For example, long before poker camps became a staple of the industry, I wrote about the time Big Denny launched the very first one. It was held in a Louisiana swampland and featured such top-name inspirational speakers as Mike Caro and Eskimo Clark. You may remember that the highlight of that event came when Grumpy Joe went swimming in the swamp and was eaten by alligators because Big Denny had chopped the warning signs up to use as firewood.

Another time, I wrote about how Frank "Hollywood" Henderson was hustling players to buy the rights to have poker hands named after them. He insisted that it was all legal and sanctioned by the International Poker Federation, at that time a totally fictitious organization. Once again, life imitated my art when a real-life International Poker Federation was later formed to stage tournaments in the Caribbean - for which I deservedly was asked to do the writing.
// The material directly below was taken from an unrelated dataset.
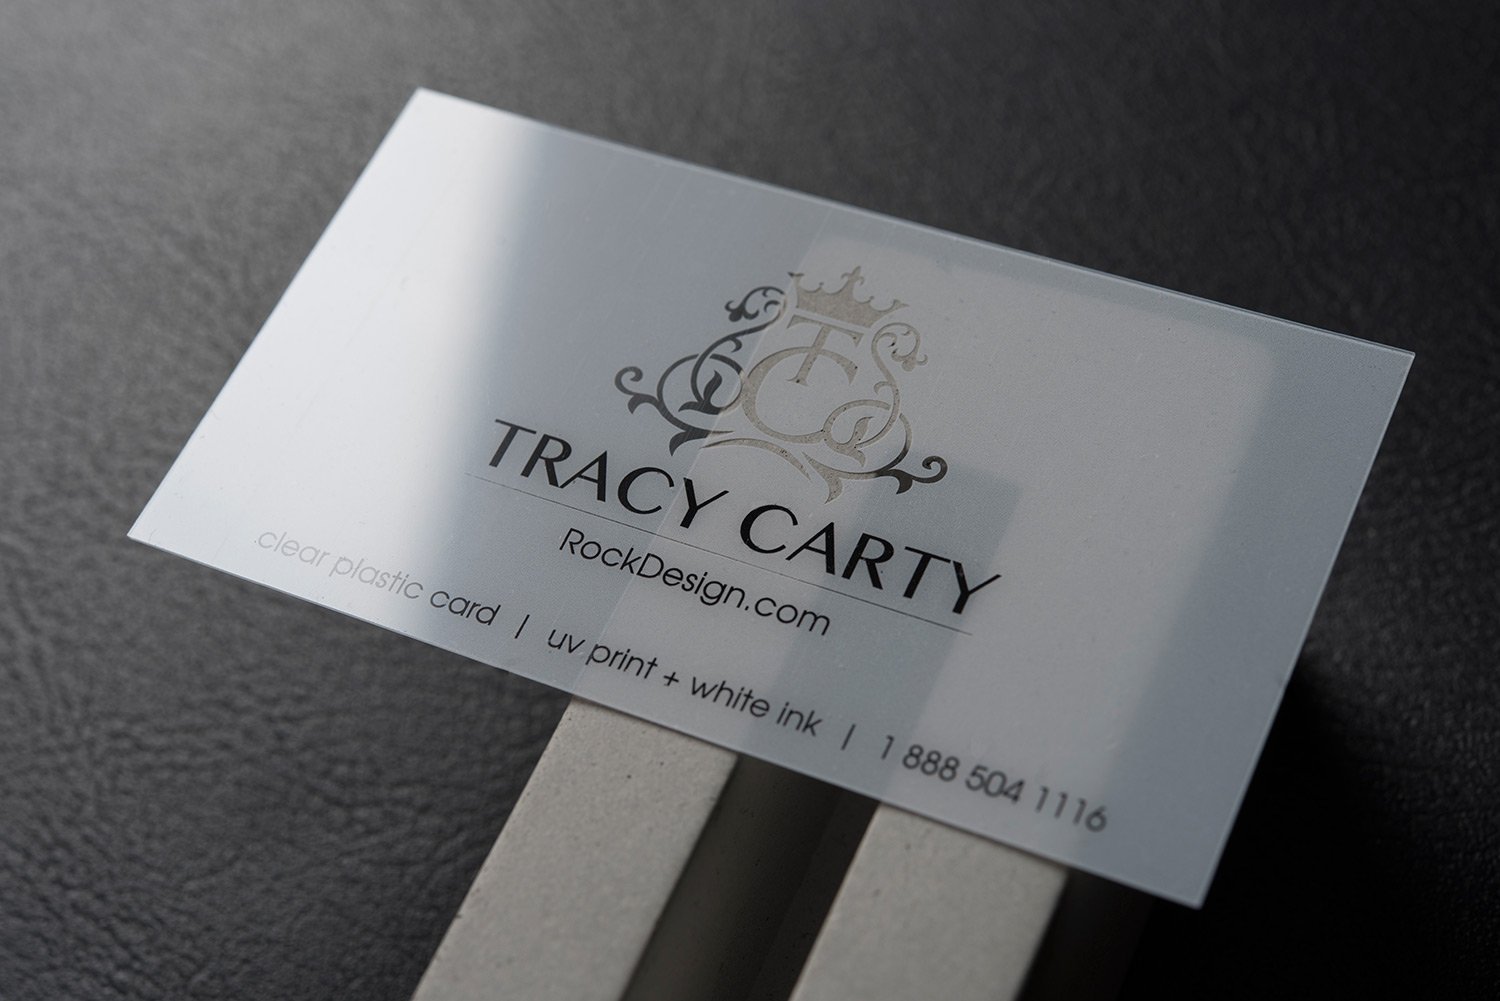 Elegant transparent plastic name card design – Tracy Carty Throughout Transparent Business Cards Template

And now, here is my latest world-changing proposal, perhaps ahead of its time, but assuredly inevitable: Teach poker in schools.
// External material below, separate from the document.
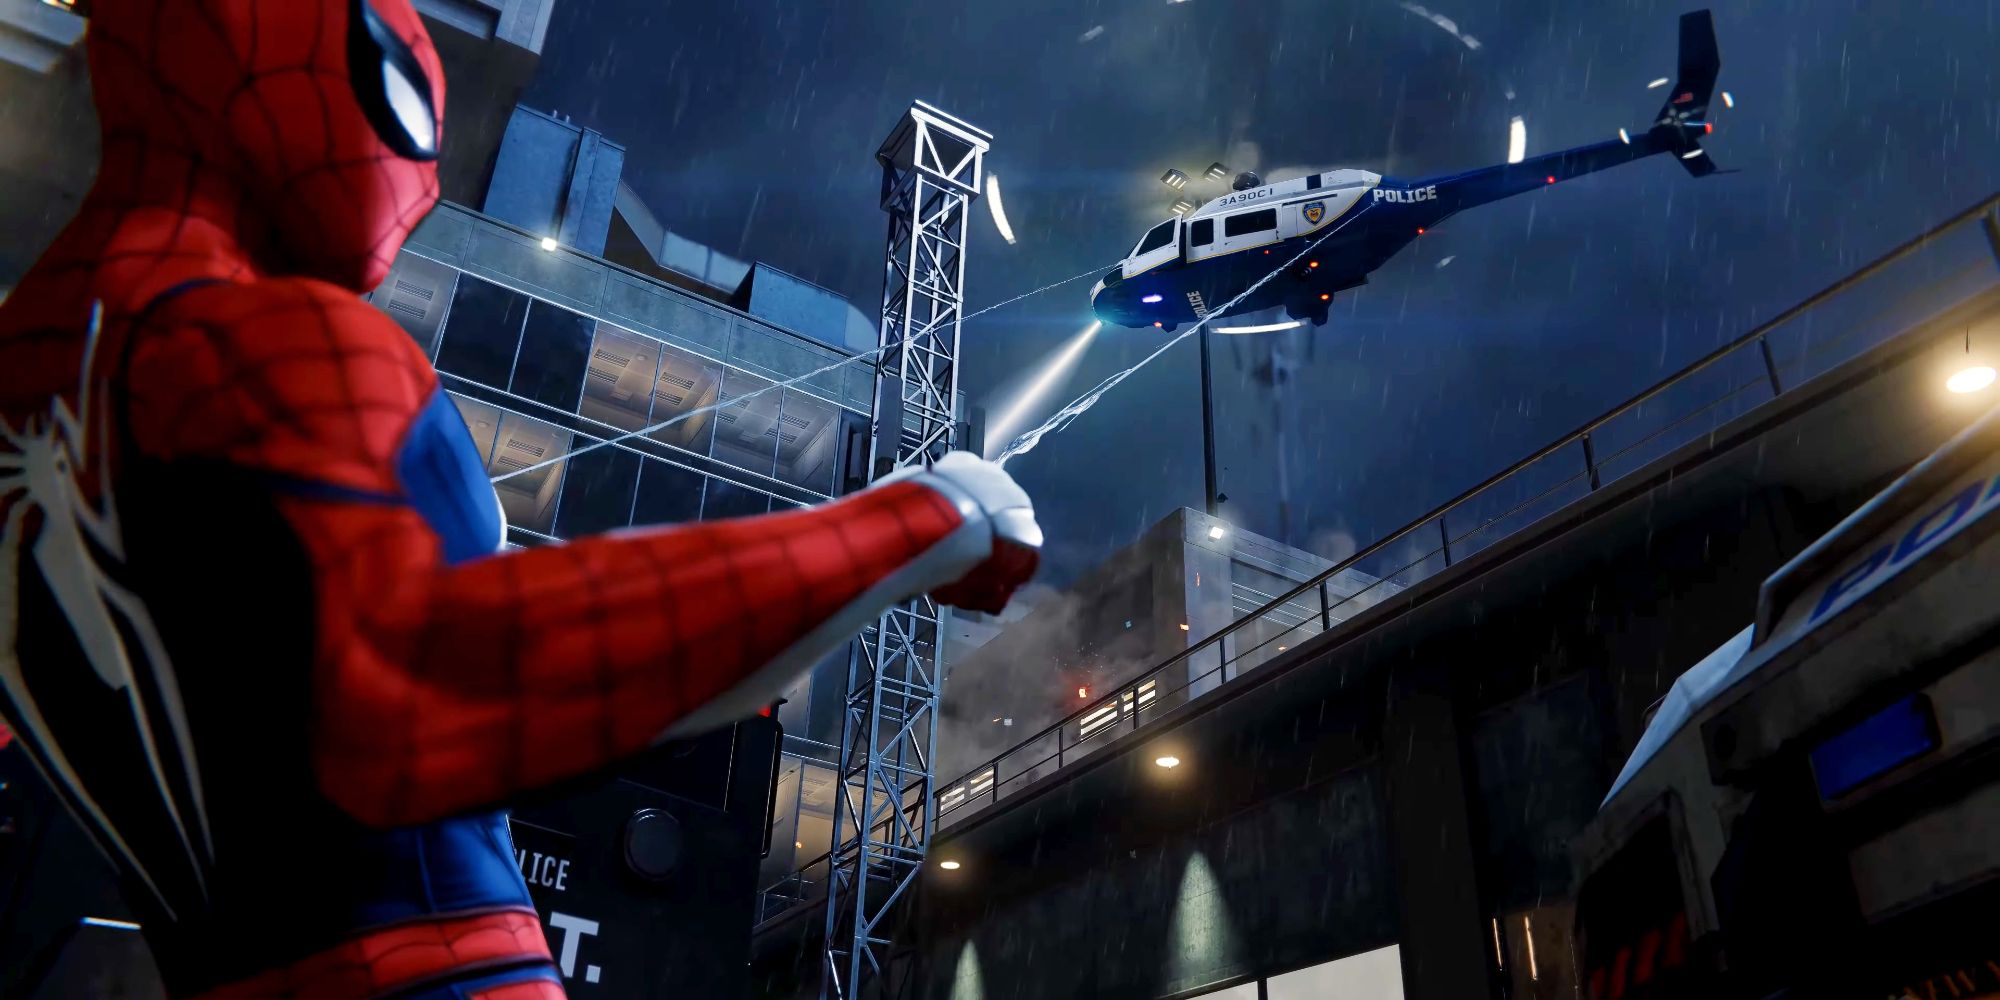 Spider-Man pulls down a police helicopter with his webs in Marvel's Spider-Man

My inspiration this time comes from Norwegian poker wunderkind Annette Obrestad. When the first World Series of Poker Europe championship was won by Annette_15, or whatever her online age is, it was the biggest news to hit poker since the invention of the burn card. I mean, Annette was barely old enough to cross the street by herself, much less win a major tournament. As the saying goes, youth must be served - but who ever dreamed that a serving would be worth two million dollars?

The prevailing concept of poker being a game of cigar-smoking old fogies went by the boards a long time ago, but now the age guidelines will have to be redrawn once more. What would be a realistic age making it legal to play poker? How about 13? After all, that's when Jewish kids have their bar mitzvah and get to say, "Today I am a man." And when the age requirement is lowered, I suppose that Johnny Hale will also have to drop the age minimum for his seniors tournaments again, to maybe 45 this time. (Oh, I see, he already made it 30.)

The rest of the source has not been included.